Interspecies relations in a seaboard “common”: a case study from coastal Lavongai (Papua New Guinea)  
Mark Collins (Centre for Pacific Studies (St Andrews University, UK). Centre for research and documentation on Oceania (Aix-Marseille Univ, CNRS, EHESS, France))

Contribution short abstract:

This presentation analyses the ways in which a “traditional” Lavongai conservation area known as vala, set up in coastal waters that may be regarded as a type of “common”, at once depends upon and influences the relations that Lavongai people have with nonhuman beings and with each other.

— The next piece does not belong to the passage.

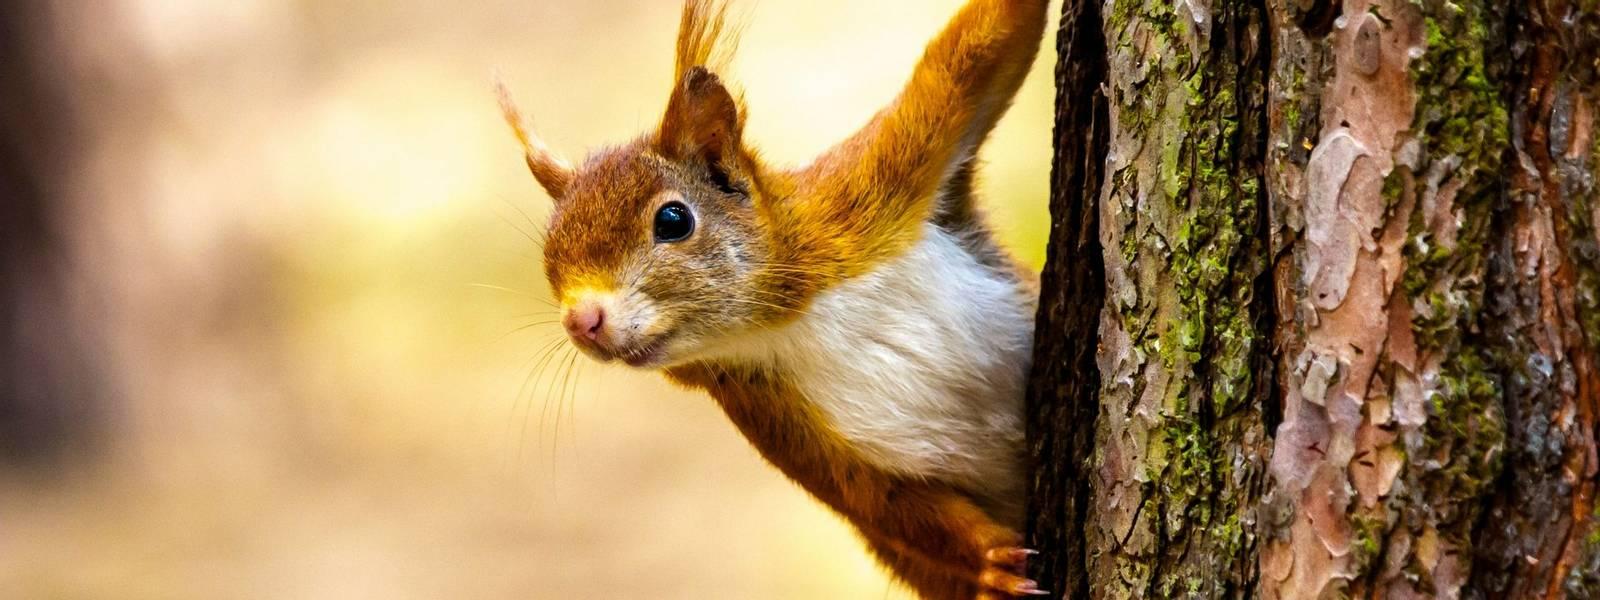 Derwent Bank -Wildlife -  AdobeStock_134985579.jpeg

Contribution long abstract:

On Lavongai Island in Papua New Guinea, access to land and fishing grounds is indispensable to the livelihoods of most inhabitants. Land tenureship arrangements are fluid and complex, with ownership determined by membership in one of several matriclans, and usage derived through alliance, residence, or ceremonial purchase. At sea, the matter is more complex, as “there are no divisions into clans” there. This raises the question: is the sea a form of common?

Marine spaces are home to a number of nonhuman species with which Lavongai people have daily interactions. Marine animals have roles in local stories, myths and legends; certain specialists direct practices towards fish in order to “call” them or make them “tame”; their meat is key to gift exchanges organised for funerals and marriages; and they are important sources of food.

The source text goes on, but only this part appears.